Seeing that the purest and the simplest of forms may become like a dirty window, an obscuring medium which shuts out instead of lets in the light, it seems to me that the Churches are wisest which admit least of the dangerous element into their external worship, and try to have as little of form as may keep the spirit. I know that simple forms may be abused quite as much as elaborate ones. I know that a Quakers' meetinghouse is often quite as much a house of formal and not of real communion as a Roman Catholic cathedral. Let us remember how full of dangers they all, and always are. And let us be very sure that we do not substitute church membership, coming to church or chapel, going to prayer-meeting, teaching in Sunday-schools, reading devout books, and the like, for inward submission to the power.

Another cause always operating is the tendency which all action of every kind has to escape from the dominion of its first motives, and to become merely mechanical and habitual. Habit is a most precious ally of goodness, but habitual goodness tends to become involuntary and mechanical goodness, and so to cease to be goodness at all. And the more that we can, in each given case, make each individual act of godliness, whether it be in worship or in practical life, the result of a fresh approach to the one central and legitimate impulse of the Christian life, the better it will be for ourselves. All great causes, as I was saying a moment or two ago, tend to pass from the dominion of impulse into that of use and wont and mere routine, and our religion and practical godliness in daily life is apt to do that, as well as all our other actions.

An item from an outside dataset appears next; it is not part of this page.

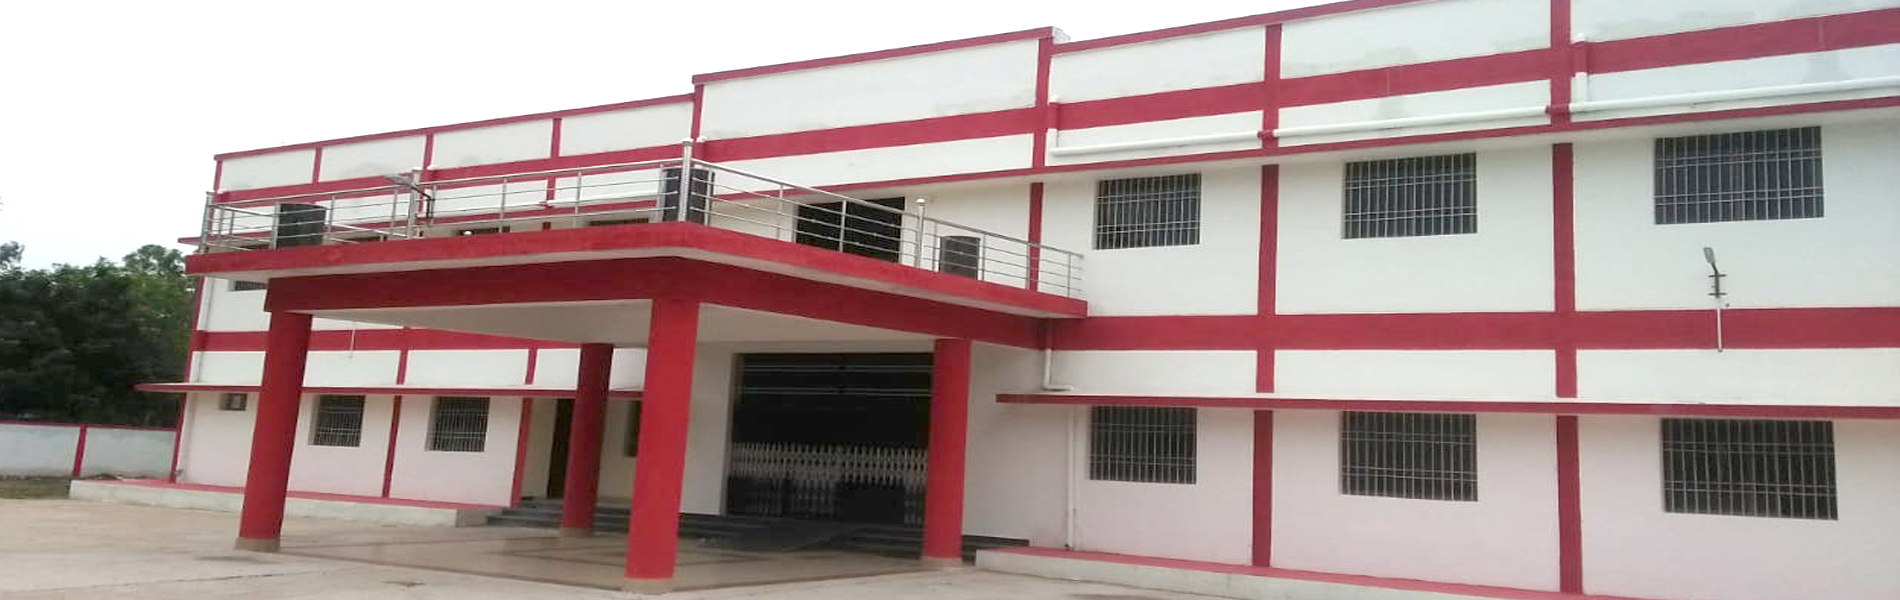 Government Rajmata Vijiyaraje Sindhiya Girls College, Kawardha

And then, still further, there is the constant operation of earth and sense and daily duties and pressing cares, which war against the reality and completeness of our submission to the power of godliness. Grains of sand, microscopically minute in the aggregate, bury the temples and the images of the gods in the Nile Valley. The multitude of small cares and duties which are blown upon us by every wind have the effect of withdrawing us, unless we are continually watchful, from that one foundation of all, the love of Jesus Christ felt in our daily lives. Unless we perpetually tighten our hold, it will loosen, by very weariness of the muscles. Unless the boat be firmly anchored it will be drifted down the stream. Unless we take care, our Christian life and earnestness will ooze out at our finger-tips, and we shall never know that it is gone. The world, our own weakness, our very tasks and duties, the pressure of circumstances, the sway of our senses, and the very habit of doing right--all of these may tend to make us mechanical and format participators in the religious life, and unconscious hypocrites.